A última ceia.
Almocei com minha avó 8 dias antes d'ela morrer. Passei na casa dela logo depois de minha primeira reunião no Vigilantes do Peso (VP), a solução que eu encontrei pra eliminar cinco quilos inconvenientes, daquele tipo que se aloja nas férias e, tal qual um sem-teto marrento, vai ficando, vai ficando.
Na casa d'avó chegando, vi o que me aguardava sobre a mesa: purê de batata (minha vó sempre fez purê de batata só pra mim!), tutu de feijão, arroz refogadinho daquele tipo que reluz de tanto óleo (e exatamente por isso, uma delícia), bifinhos refogados em litros de manteiga com cebola, uma salada só pra constar e mostarda refogada. O melhor cheiro de comida do mundo estava ali, debaixo do meu nariz, e tudo o que eu pensava era na quantidade absurda de pontos VP que uma colherada de cada coisa daria. Vendo-me comer tão pouquinho, com a calculadora do lado, minha avó perguntou qual era o meu problema, mas daquele jeitinho lindo d'ela falar, dizendo que eu estava muito magrinha, que devia comer mais. Expliquei-lhe o esquema dos pontos VP, que um bife de frango grelhado tinha 3, meia xícara de arroz, 2, uma xícara de morango, zero, e por aí vai.
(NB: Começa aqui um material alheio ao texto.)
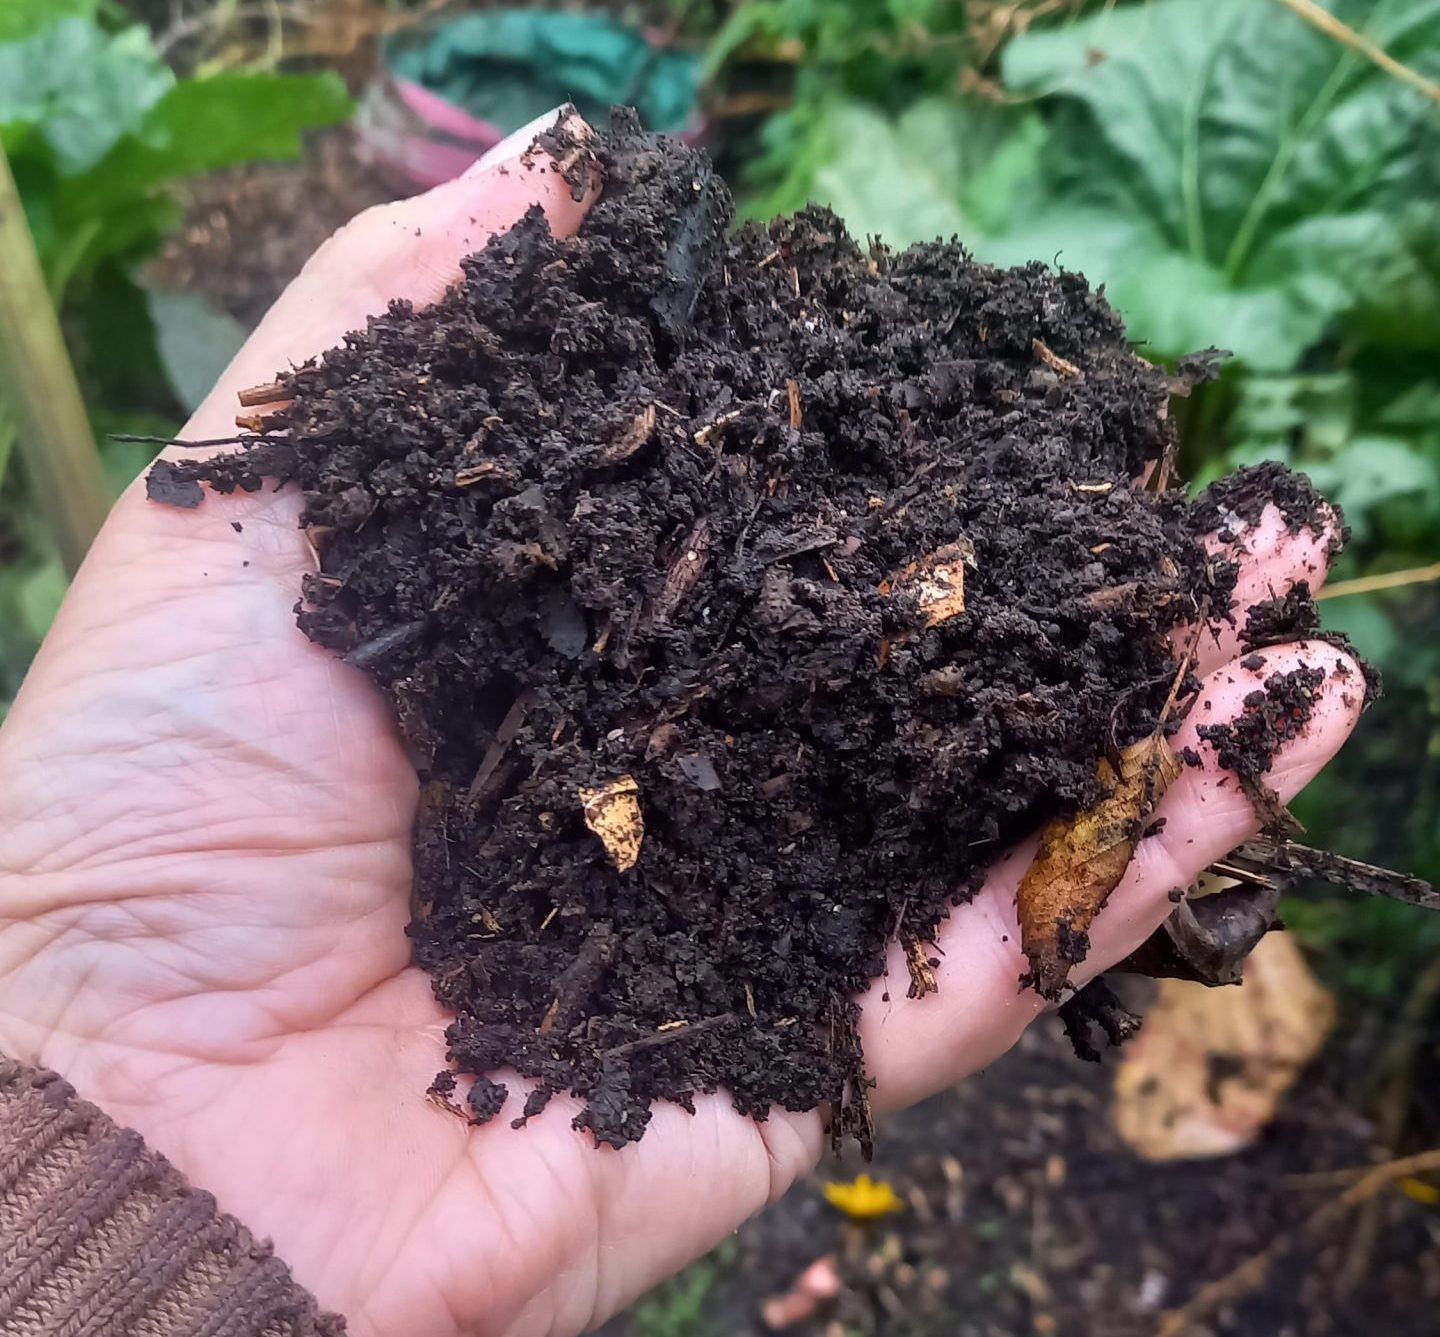 Hand containing dark brown compost

Depois de ouvir em silêncio, minha sábia avó decretou: "Pode comer à vontade, minha querida, que tudo aqui é zero ponto."
Achei aquilo incrível, e eis que operou-se um milagre: eu fiquei leve. E comi de tudo, e repeti tudo 3 vezes, e pedi pão pra comer o molho do bife, e ainda tracei, de sobremesa, uma fatia gigantesca de rocambole com doce de leite feito por ela. Lembro da vovó me explicando pela enésima vez como ela fazia aqueles risquinhos lindos sobre o rocambole, e fiquei olhando embevecida praquela jovenzinha de 94 anos, que me contava de seus planos pra uma nova feira de artesanato e do modelo de toalha de crochet que ela tinha tirado duma novela.
Oito dias depois, quando eu cheguei em casa sem fome e talvez por falta de qualquer coisa boa no que pensar, ou talvez por falta de sentido pra vida, ocorreu-me que os pontos que eu tinha poupado por ter passado 24h sem comer compensariam a farra do boi da semana anterior na casa da vovó. Repeli o pensamento com todas as forças que ainda tinha e olhei pra minha velhinha sorrindo no porta-retratos na sala: os pontos daquela última ceia, vó, eu quero guardar pro resto da minha vida.